Make a scatterplot of the rate versus the log of the concentration, color the points by treatment group (state), label the x-axis “Concentration” and the y-axis “Rate”, and label the plot “Puromycin”.
plot(log(Puromycin$conc), Puromycin$rate, col = Puromycin$state,
xlab = "Concentration", ylab = "Rate", main = "Puromycin")

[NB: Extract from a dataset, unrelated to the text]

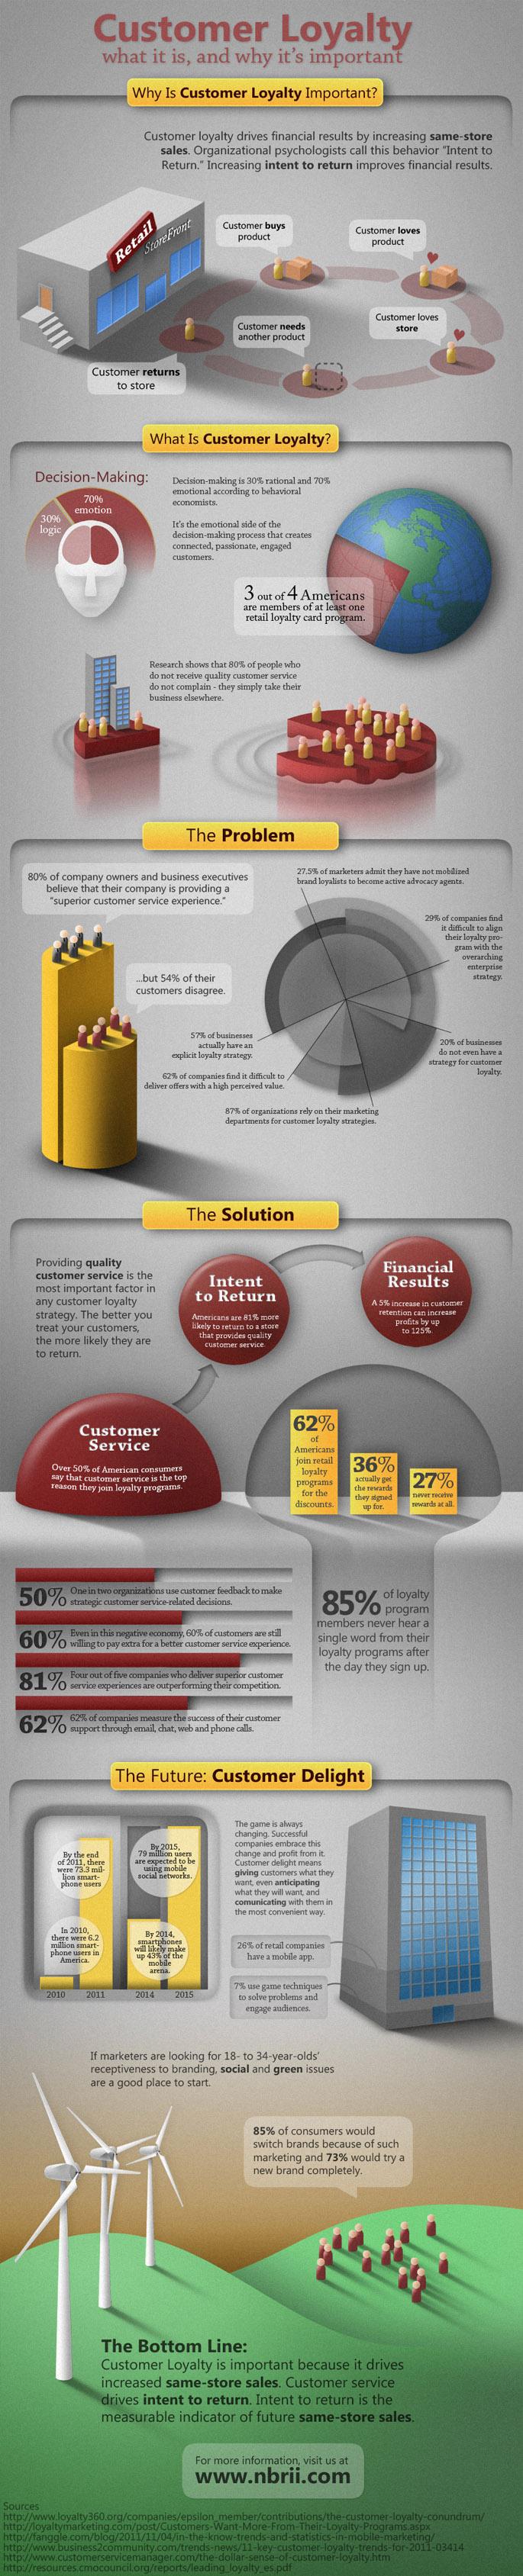 Customer Loyalty Infographic by NBRI

Add a legend to the above plot indicating what the points represent.
plot(log(Puromycin$conc), Puromycin$rate, col = Puromycin$state,
xlab = "Concentration", ylab = "Rate", main = "Puromycin")
legend("topleft",c("Treated", "Untreated"), col = 1:2, pch = 1)
Make a boxplot of the treated versus untreated rates. Using the function pdf, save the image to a file with a width and height of 7 inches.
pdf("puromycin.pdf",width = 7, height = 7)
boxplot(Puromycin$rate~Puromycin$state)
dev.off()
Make a histogram of the frequency of concentrations. What is the width of the bins?
hist(Puromycin$conc)
The bin width is 0.20.
Make a histogram of the frequency of concentrations with a bin width of 0.10. How is this different from the histogram above?
hist(Puromycin$conc, breaks = seq(0, 1.2, .10))
The bins are narrower, so we see in finer detail the distribution of the concentrations.
Plot the histograms side by side in the same graphic window and make sure they have the same range on the y-axis. Does this make it easier to answer the question of how the two histograms differ?
par(mfrow = c(1, 2))
hist(Puromycin$conc, ylim = c(0, 12))
hist(Puromycin$conc, breaks = seq(0, 1.2, .10), ylim = c(0, 12))
In some situations it may be of use to view plots simultaneously. In this case, on the right we see clearly that more values are between 0 and 0.10 than 0.10 and 0.20 whereas the plot on the left does not display this information. In the histogram on the right we see that no concentrations fall between 0.30 and 0.50, whereas this is not apparent in the histogram on the left.